The Nationwide Series has been plagued by buzzkills and unexciting races in 2013, but at Saturday’s Alliance Truck Parts 250, the series put on one of, if not the best race of its season.
Regan Smith became the first Nationwide regular to win two races, pacing the field for the final 14 laps en route to the victory. He held off a strong charge from rookie Kyle Larson, who finished second for the second time this season and will almost undoubtedly become a first-time winner in the near future.
The final battle for the lead was fantastic and featured two regulars of the series, with Paul Menard lurking in third in his first Nationwide race of the season, piloting Richard Childress Racing’s No. 33. Kyle Busch led no laps during the day and could only manage fourth, while last week’s winner Trevor Bayne came home fifth.
Brad Sweet, Chris Buescher, Elliott Sadler, Nelson Piquet, Jr. and Brian Scott rounded out the top 10.
Austin Dillon won the pole and led a race-high 61 laps, but faded to 20th after late-race issues within the final few circuits. Brian Vickers also struggled after an accident, finishing a disappointing 33rd.
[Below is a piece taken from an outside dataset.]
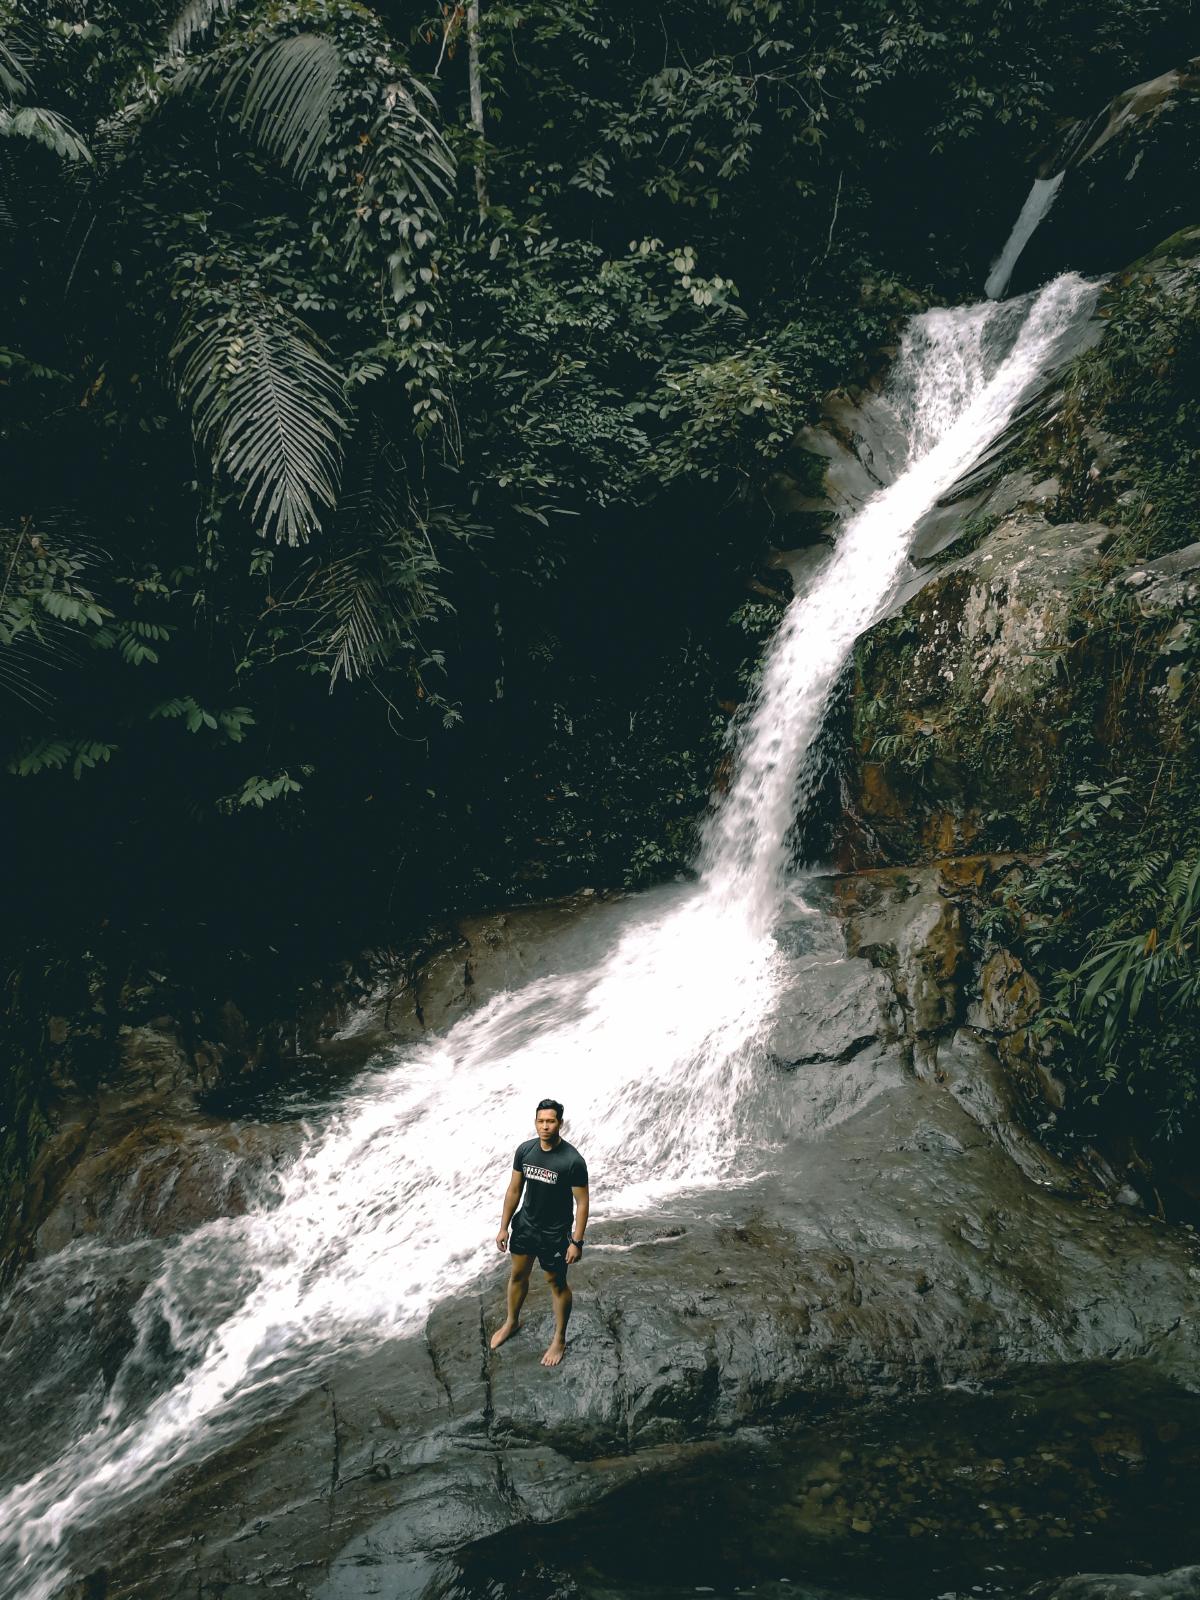 AIR Terjun Sungai Lopo yang menarik kehadiran pencinta alam semula jadi.

Fellow championship contender Sam Hornish, Jr. came home just one spot better, running 32nd after an engine failure caused by debris hitting underneath the car.
Smith’s win and Hornish’s misfortune extends the JR Motorsports driver’s championship lead to 58. Justin Allgaier, meanwhile, now sits 59 behind in third after a solid 12th-place finish.
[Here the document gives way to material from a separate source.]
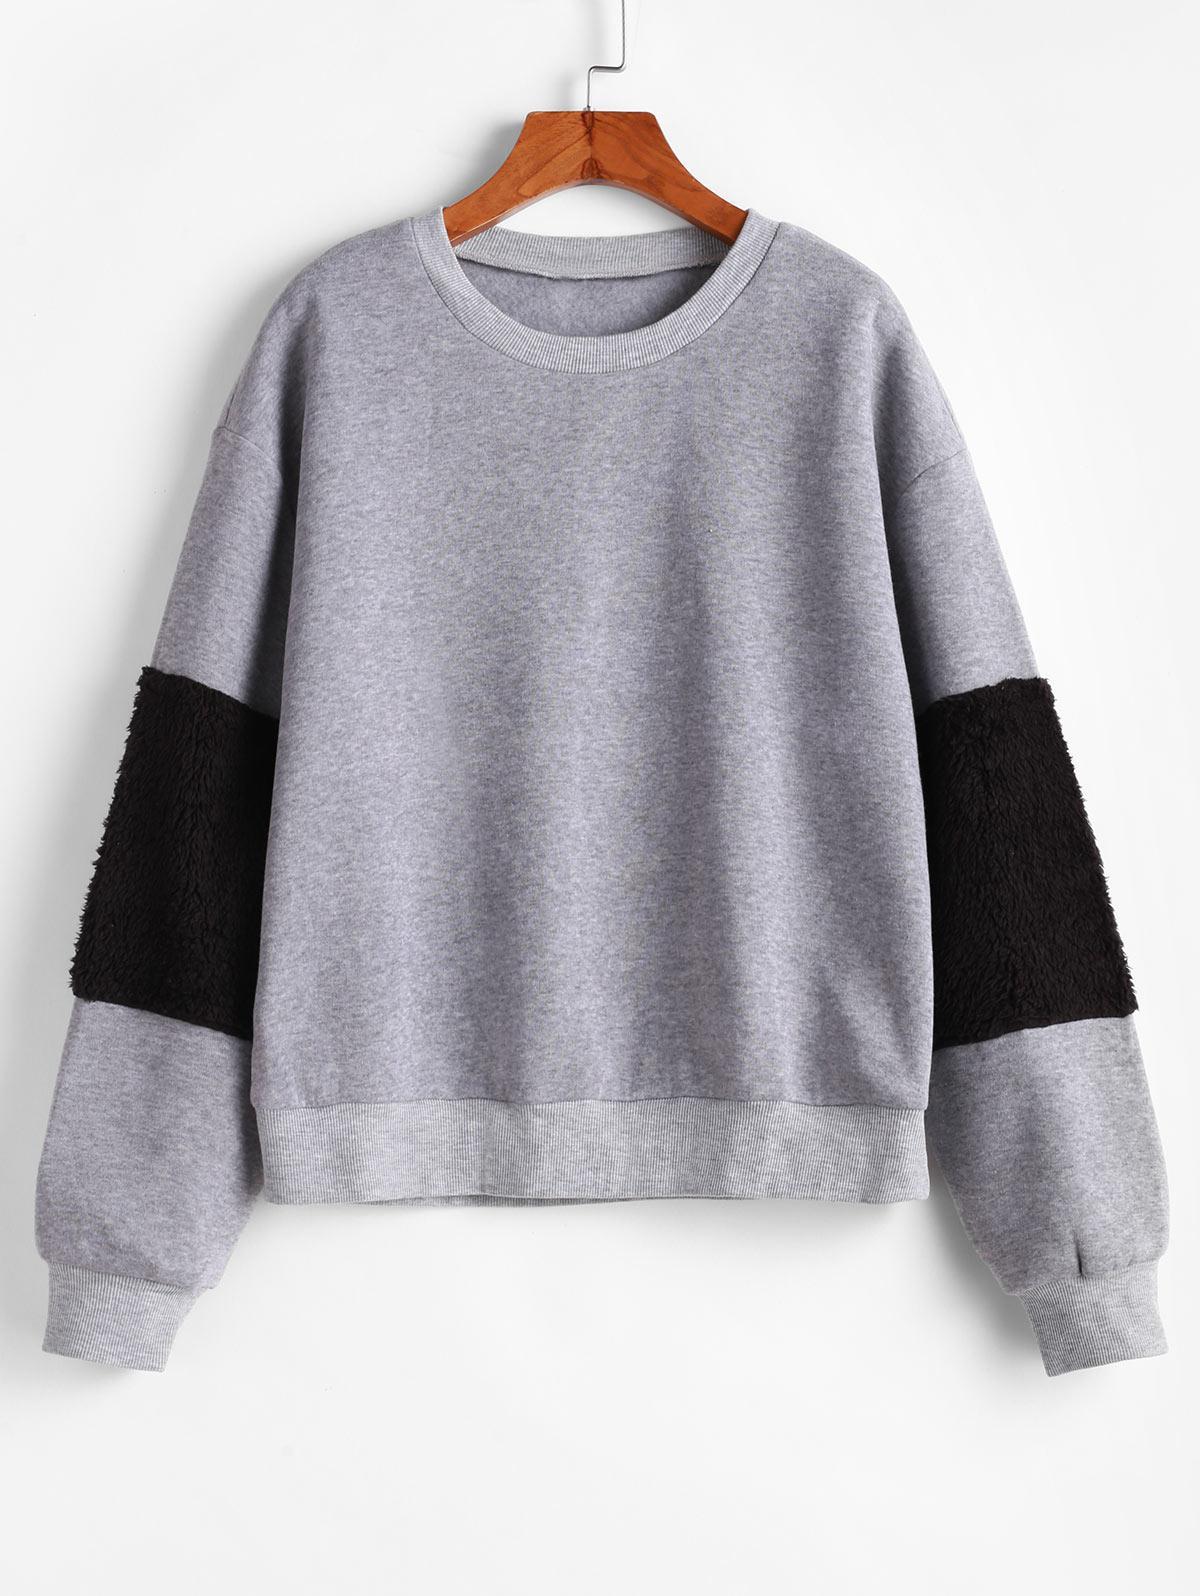 ZAFUL Flocking Fluffy Sleeve Two Tone Drop Shoulder Sweatshirt фото

Man, how about Regan Smith? After losing a Cup ride and leaving many to wonder if his best days were behind him, the JR Motorsports driver is tearing up the Nationwide Series this year, with two wins and top 10s in all but two races. It’s certainly tough to call his points lead insurmountable; after all, Sam Hornish, Jr. had a sizable cushion early in the season that has since disappeared considerably. But seeing Smith finally excel and become the star of a series feels very rewarding.
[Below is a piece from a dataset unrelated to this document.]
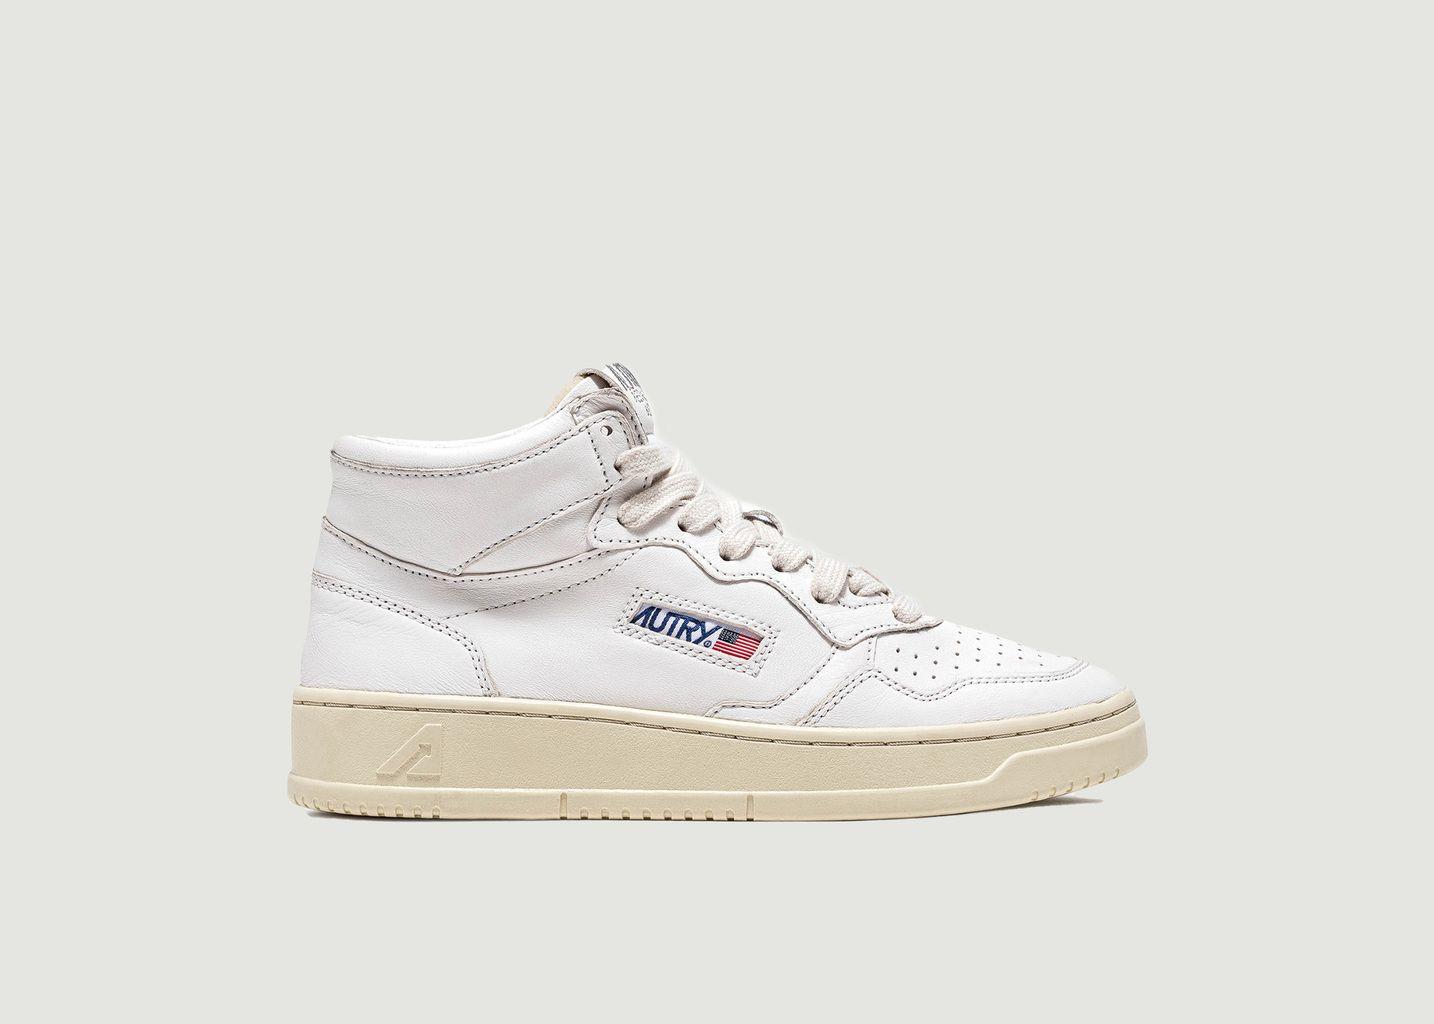 Sneakers Mid 01 - AUTRY

125 laps, and only 30 were led by a non-Nationwide regular. Joey Logano paced the field for 30, but otherwise, the series regulars took over and went to town. Two straight weeks of this dominance? I could (but probably won’t be able to) get used to it.
What was actually bad about this race? I guess, besides feeling super short, Sam Hornish Jr. and Brian Vickers having problems is disappointing. It’s obviously part of the game, but Hornish and Vickers remaining in the championship hunt helps the series; if the Cup dominance comes back, the battle for the title is going to be the big thing to watch (as if it wouldn’t be already, but still). The more in contention until the end, the better. We’ll see how the next few weeks go. Hornish is still very much there, but Vickers is now a distant 100 points behind after some very bad mechanical and on-track luck.
I’m not gonna lie — this race didn’t have anything truly horrible going on with it, at least by my vantage point. Best race of the season? I’d say yes, eclipsing the Talladega race a few weeks back. The winner there? Regan Smith.
Underdog Performer of the Race: Brad Sweet isn’t exactly a major underdog given his (part-time) employment at JR Motorsports, but a sixth-place finish isn’t too bad at all, especially considering it was his first top-10 result all season, after a previous best of 12th. Moving to a new team (from Turner Motorsports) is probably tough, but Sweet may have finally figured it out in the No. 5 Chevy.
Start-and-parkers occupied five of the 39 starting positions in Saturday’s race, taking home $64,472 in purse money.
Cup regulars scored two of the top-10 finishing positions, occupied four of the 40 starting positions, and took home $67,841 in purse money.
The Final Word
Regan Smith and Kyle Larson put on a show during the closing laps at Michigan, showing for the second week in a row the kind of circuit the Nationwide Series could be… if Cup regulars were limited to less races. But that’s just beating a dead horse, isn’t it?
The series might be getting good. After a few months of asking, “Do I even need to watch this?” I think Nationwide might be regaining a few scorned fans here and there, as long as it can keep up this current trend of solid competition. Plus, Regan Smith, a fairly likable driver, is the new king of the series (for now). Sam Hornish, Jr. is second. Justin Allgaier is third. All are within 60 points of each other.
The Nationwide Series has been OK if one can look for the beauty in certain things. Now, that beauty might be coming out in fuller force.